As the 2D-plus-depth solution for 3DTV utilizes depth information to synthesize new views, our method is capable of converting standard two-view 3D videos into the 2D-plus-depth format. To demonstrate the accuracy and consistency of our resulting depth maps, we synthesize new view sequences in Figs. 18 and 19. New views produced from the initial depth are also shown for comparison, which contain obvious visual artifacts. In our final results, continuous variation of depth both spatially and temporally is preserved, together with discontinuous object boundaries, thanks to the effective regularization, multi-frame profile construction, and robust optimization. The full novel-view-synthesis results are in the supplementary video.

Fig. 18
figure 21

Novel-view synthesis for frames 16–19 of the Balloons sequence. The 1 st row: initial depth; the 2 nd row: depth after sub-pixel refinement. Visual artifacts are suppressed in the final results, while boundaries are faithfully preserved

Fig. 19
figure 22

Novel-view synthesis for frames 76–80 of the Fish sequence. The 1 st row: initial depth. The 2 nd row: depth after sub-pixel continuous optimization

5.6 Computational Cost

Although our method employs long-range temporal constraints, the computational cost does not increase exponentially compared with single-frame methods. Despite constructing trajectory-based priors, the optimization procedure between different frames is independent. It is also possible to use parallel computing techniques, such as OpenMP (OpenMP ARB 2012), for acceleration.
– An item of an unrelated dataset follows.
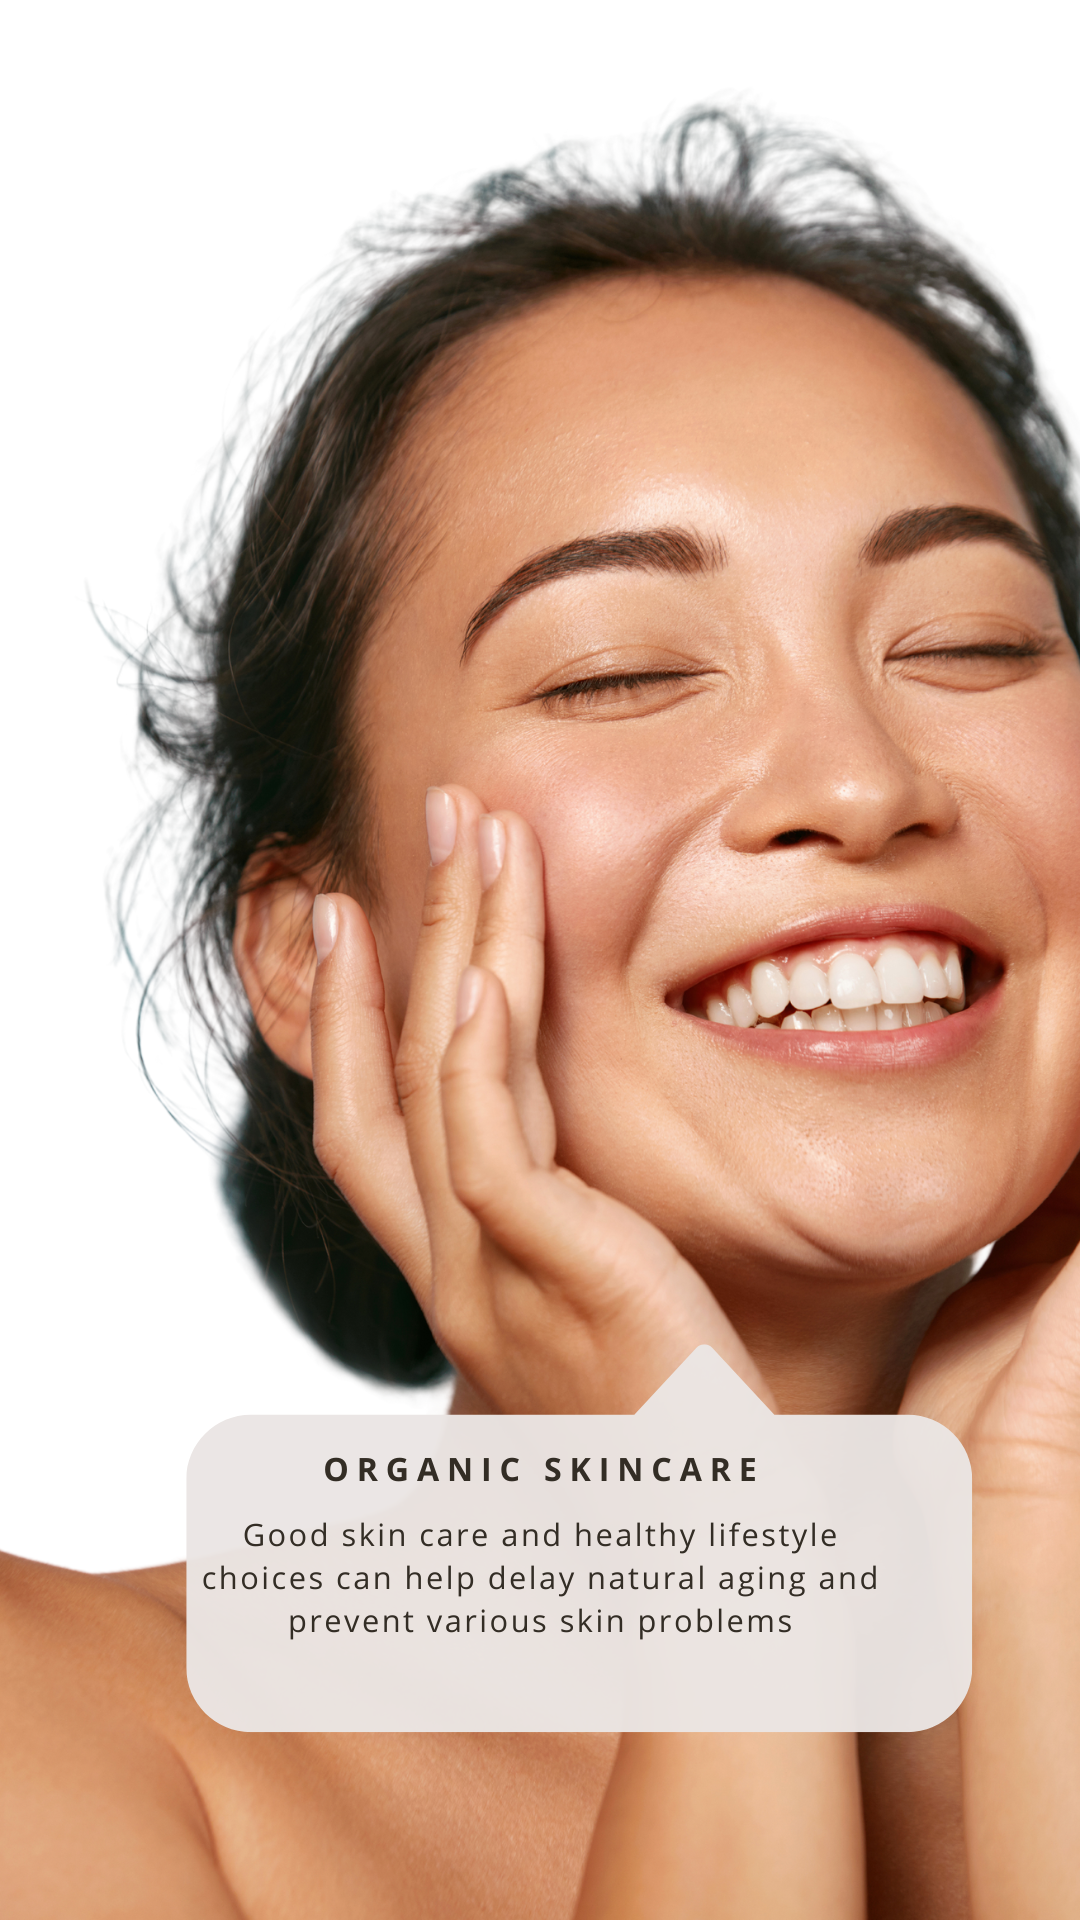 Aesthetic Good Skin Care and Healthy Lifestyle Your Story

For the binocular 100-frame video Traffic Scene 1 with resolution 640×480, using 24 cores of Intel Xeon @2.67 GHz, each frame only takes 1 min on average. We list in two rows of Table 5 the running time of depth-and-motion initialization and of the whole system when using a single CPU core.

Table 5 Time (in minutes) spent for data initialization, the whole process on a single core, and for the whole system running on 24 cores

5.7 More Discussion

Temporal consistency is known as very important in estimating depth and scene flow maps in video sequences. However, finding good constraints in multiple frames is still an open problem. Previous joint estimation methods are generally insufficient for long range information propagation. Recent developments in scene flow estimation (Basha et al. 2010; Vogel et al. 2011; Wedel et al. 2011) did not tackle the problem from the temporal consistency point of view either. Our approach explicitly models temporal constraints using chained priors, which makes temporal propagation practical and efficient. This marks the major differences between the proposed approach and others. Our chained temporal priors described in Sect. 4.2 are also very general, which not only benefit depth and scene flow estimation for binocular sequences, but also work for cameras with active range sensors, such as Microsoft Kinect.

6 Conclusion

In summary of our method, the major novelty lies on the long-range temporal constraints, which significantly improve the depth and scene flow consistency both visually and quantitatively. In building the robust estimation system, our method contributes in the following ways. Firstly, the motion trajectory construction can find reliable estimates consecutively and break links when occlusion consistently arises in multiple frames. Occasional noise in one or two frames, on the contrary, can be robustly ignored. Secondly, the novel edge occurrence maps are constructed incorporating structural information from multiple frames. The voting-like average scheme greatly suppresses errors that cannot be coherent in multiple frames and enhances credible estimates. Thirdly, we propose the anisotropic smoothing scheme to provide proper regularization for all pixels based on the structure profiles.

Limitation and Future Work

Our method needs reasonable depth initialization. If, for one region, its initial depth estimation is consistently wrong for all frames, the following refinement would not improve it much. Our future work includes the extension to unrectified videos and acceleration using GPU.